Photodynamic Sensory Neuropathy in a Patient Treated With St John’s Wort

Suha Khalifa, MD

Published: August 20, 2015

Photodynamic Sensory Neuropathy in a Patient Treated With St John’s Wort

To the Editor: The popular herbal preparation St John’s wort is widely used to treat mild to moderate depression. The chemical composition of St John’s wort has been well studied.1 Hypericin, an active ingredient in St John’s wort, has many psychoactive and photodynamic properties, and photosensitivity is one of its possible side effects.2 This report highlights a case of allodynia induced by St John’s wort following sun exposure.


Case report: Ms A, a 40-year-old woman, presented to a private family practice office with depressive symptoms. She was diagnosed with mild to moderate depression after scoring 5 on the 9-item Patient Health Questionnaire.3 Ms A had read about some over-the-counter supplements and decided to try the herbal medication St John’s wort 500 mg twice daily before starting any other treatment options.

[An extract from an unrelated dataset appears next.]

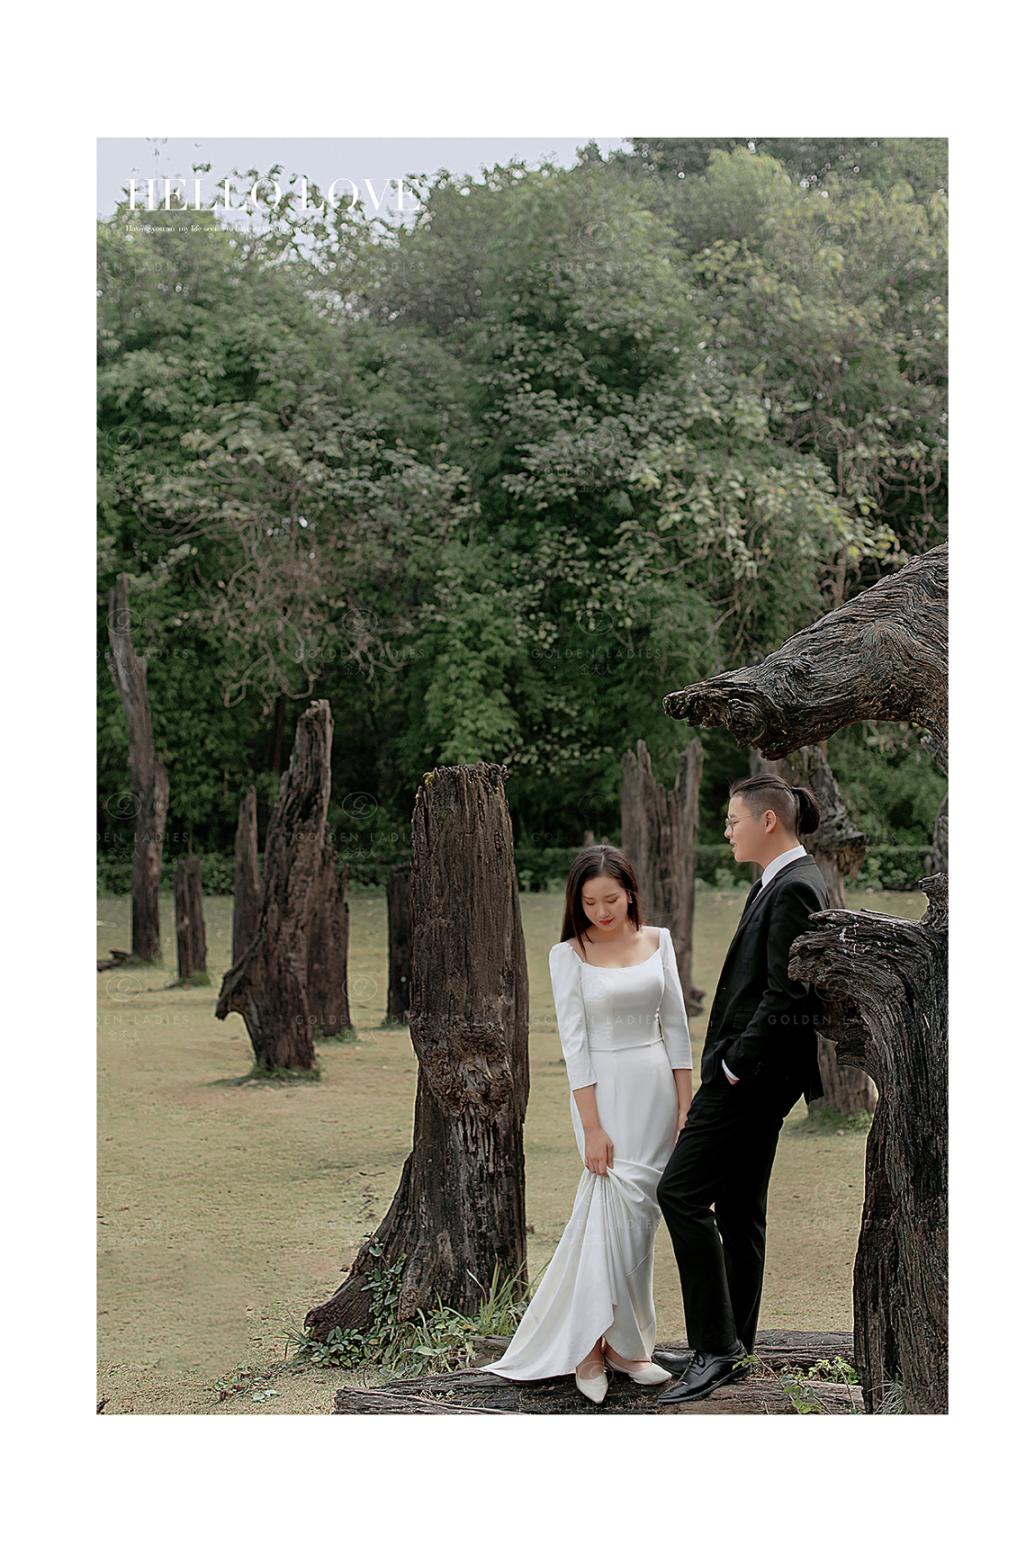 婚纱照教程分享丨在巨木阵如何将婚纱照拍出高级感?

During the follow-up visit 4 weeks after initiating therapy with St John’s wort, Ms A noted improvement of her depressive symptoms but complained of a tingling sensation in her hands whenever she washed them with cold water. This sensation began during the fourth week of therapy after she started working long hours in the sun. The physical examination revealed no skin erythema or burning. The use of a cold tuning fork on the hands produced a tingling sensation and discomfort; light touch did not provoke pain. The symptoms were restricted to the hands. There were no motor or other sensory disturbances, and she had normal peripheral reflexes.

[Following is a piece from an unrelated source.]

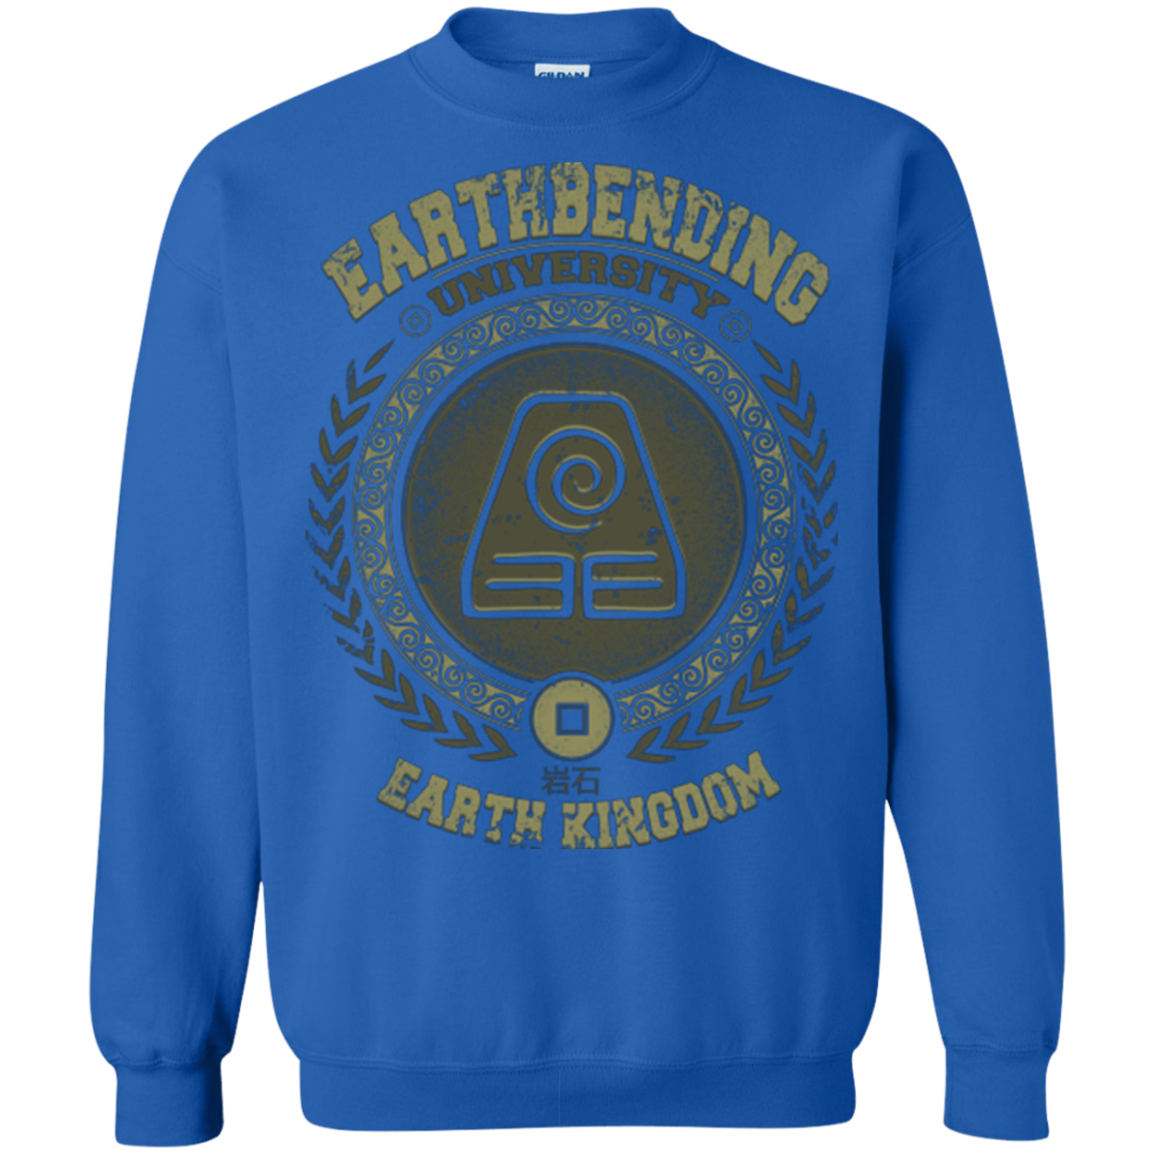 Earthbending university Crewneck Sweatshirt

Following a review of the literature, Ms A was diagnosed with subacute toxic neuropathy on the basis of a report by Bove,4 who described a patient who experienced similar symptoms following ingestion of St John’s wort. St John’s wort was discontinued, and Ms A’s symptoms started improving after 1 week, with complete resolution of symptoms within 3 weeks of stopping the herb.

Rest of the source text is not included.